I think more of dragons in fantasy/movies where they swoop over towns at a quite decent speed (think Smaug over Laketown)* and then try to translate that into the game; and realize that if a dragon flying and-or attacking at that speed can't see where it's going it's going to have to either a) slow down to walking speed and thus present a much easier target for ground fire to hit or b) risk crashing.

* - never mind the Harry Potter dragons which are even faster...as are the brooms. :)
 



S'mon

Legend
it's going to have to either a) slow down to walking speed and thus present a much easier target for ground fire to hit or b) risk crashing.
Sure.
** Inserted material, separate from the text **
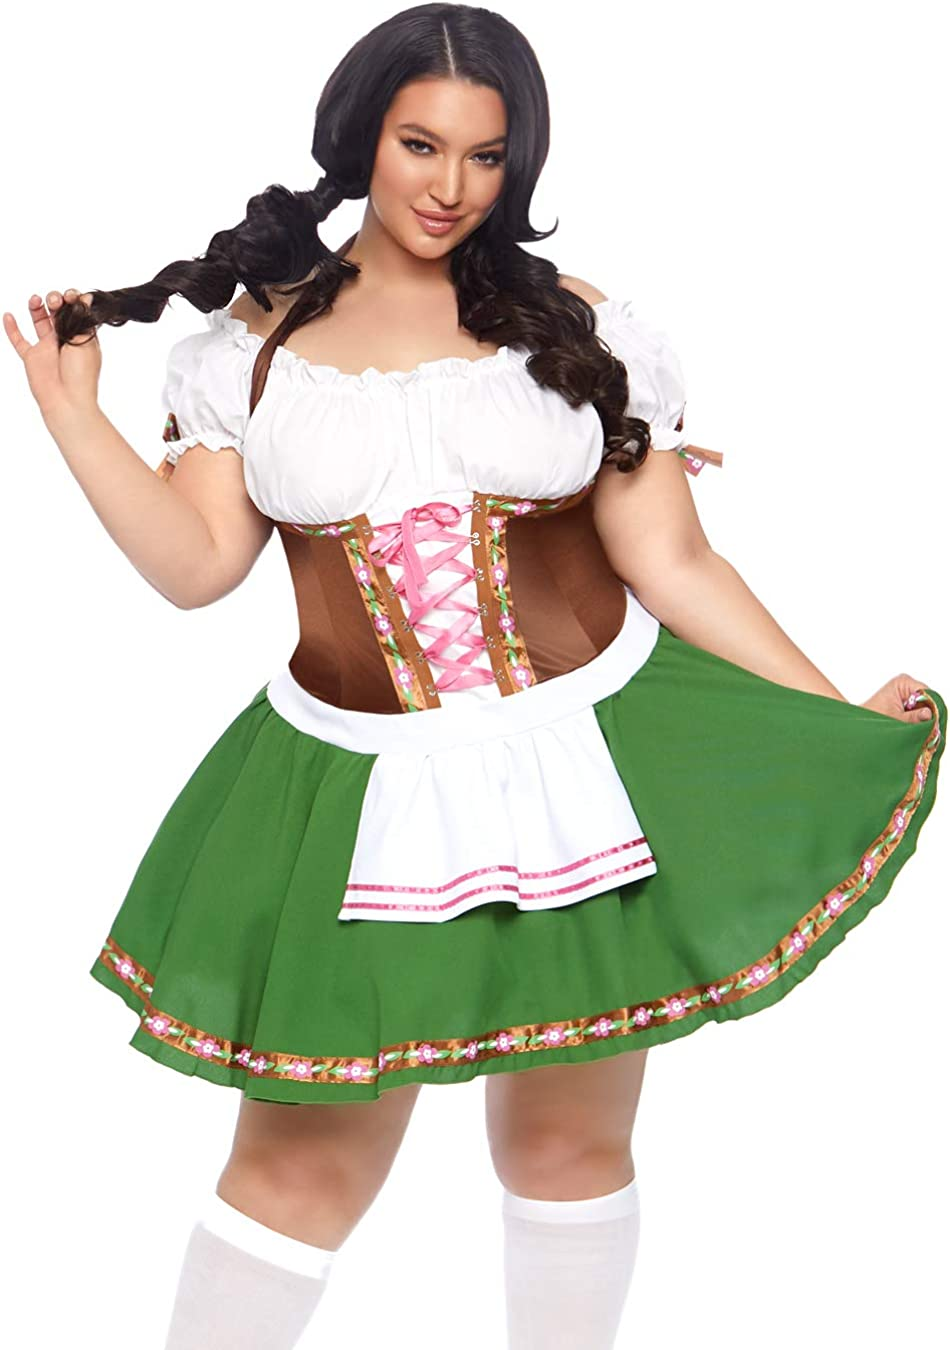 LEG AVENUE LIL/' GERMAN GIRL OKTOBERFEST BAVARIAN Ladies Fancy Dress Outift 83668

So the default speed & AC represents the dragon flying very slowly so it can maneuver, but at the cost of being vulnerable to ground fire.
 

S'mon

Legend
This bugs me in movies and it bugs me in RPGs, as I prefer more of a sense of things - including travel - taking the amount of time they realistically should.

How far do you think large flying creatures should be able to travel in a day? I generally feel 60-70 miles feels too little; something in the 90-200 miles range seems ok to me. My suggestion above that a 5e adult dragon should have a sustained overland flight rate of around 40 mph might indicate more like 320 miles in a day, though.

I guess a flying carpet doing say 20 mph would be maybe 12 hours of flight before it got too uncomfortable (is a carpet better or worse than a car?) would do ca 240 miles/day.